Most afternoons, Andrew Martinez, 28, heads to the Evening Center, a Santa Cruz County Probation Department alternative program for youth where he teaches young people how to get a job, how to make good choices and take care of themselves. 

He teaches many of the same lessons he learned himself as a student in the early days of the Academy for College Excellence (ACE) in 2003: how to be a role model and to give back.

“I’ve seen a lot of the negative things in life and hadn’t seen enough of the good things in life,” he says about the days before ACE. “I had exhausted my resources. I had to create my own future and way here. It’s a tough thing to do in the States because there are so many traps for a young guy.” 

As a child, Martinez’s family had moved from Texas to Sweden. In the 10 years he lived abroad, he fell in with the wrong crowd, got in trouble and struggled with a learning disability. As a young adult, he moved to Watsonville where his father had once lived and he had family. But he struggled to find his way. Socially, the cultural shift was difficult. Academically, he suffered from attention deficit disorder, which made school feel almost impossible at times. The ACE cohort was a completely new road in his journey. 

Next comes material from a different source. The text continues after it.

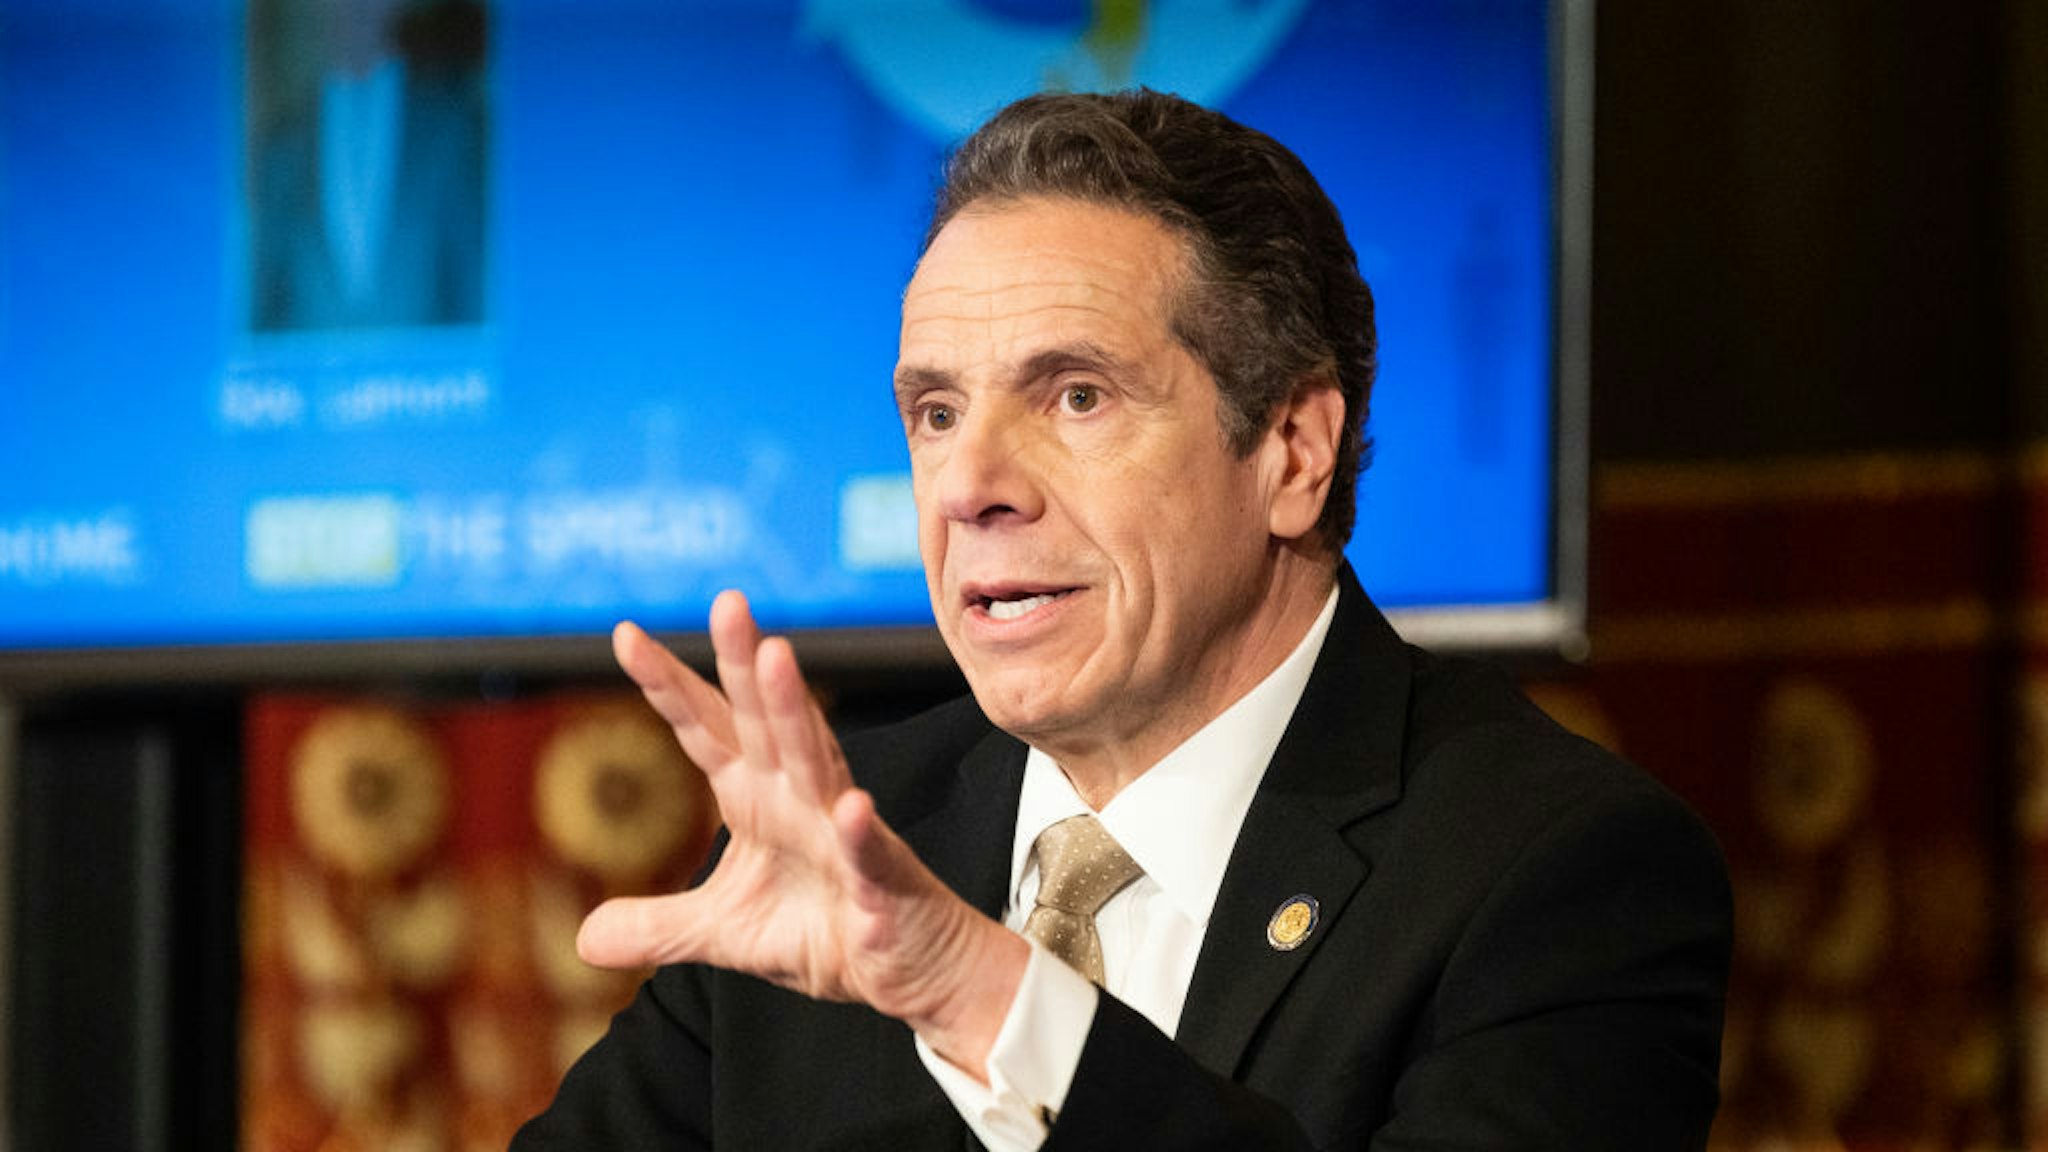 New York Governor Andrew Cuomo (D) speaking at a press Conference at the State Capitol reporting on the latest development of the Covid-19 Coronavirus situation.
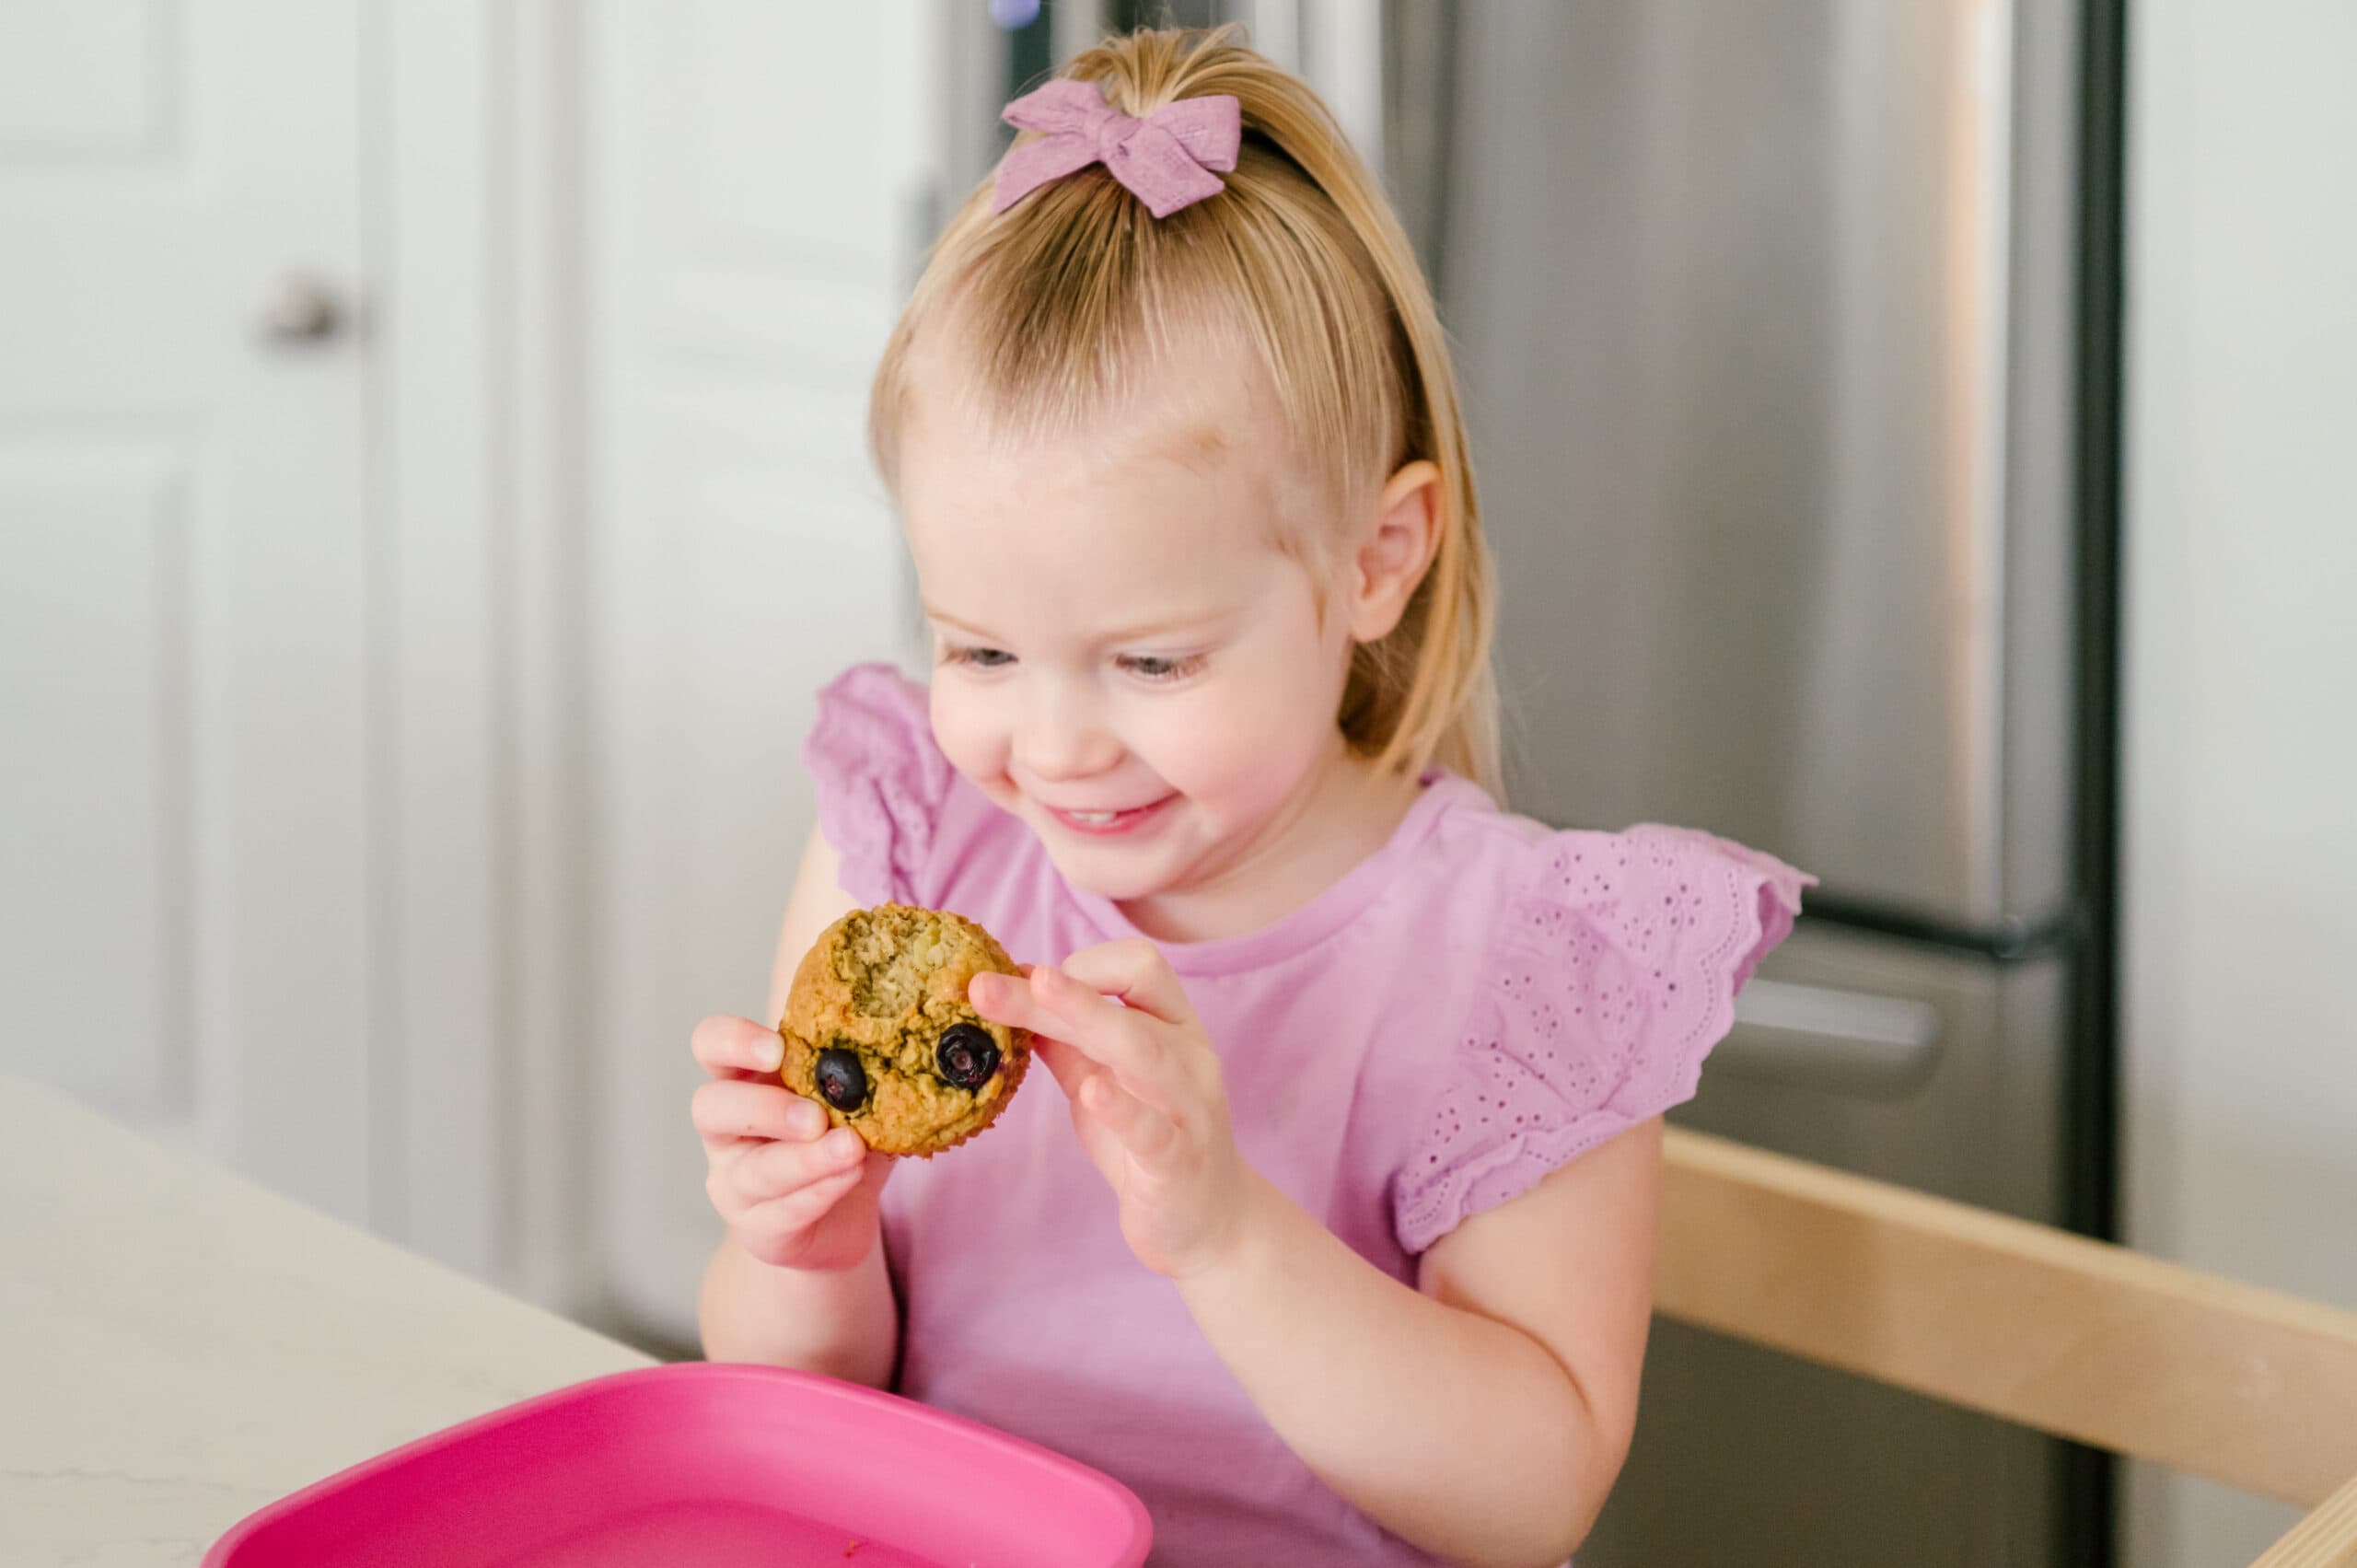 Little girl looking at a muffin she is holding

“In the first ACE pilot programs they showed me other elements of life like science, software programs, leadership skills – basically how to be little entrepreneurs,” Martinez says. “It introduces you to things that you’re going to do later on, grant writing, understanding systems, how things work, how everything’s interconnected. It shows you a blueprint of how society works.”

He got a job at the Cabrillo Learning Center, at a private youth group home and later as a group supervisor for Santa Cruz County. He went on to earn his associate arts degree at Cabrillo College and transferred in 2007 to California State University, Monterey Bay where he is a full-time student working toward a bachelor’s degree in Collaborative Health and Human Services. 

ACE founder Diego Navarro “really motivated me as a Latino,” Martinez says. “He empowered me to just go out there and do what I was doing. There were very few people that were motivational for a person of my background. Diego was always saying, ‘When are you transferring?’ He thinks big.”

Martinez does too. He plans to continue with school and earn a master’s degree in social work.

“Diego taught me you can really do anything you’re really inspired to do from a social aspect of giving back to the community. It’s going good,” he says. “I’m doing it!”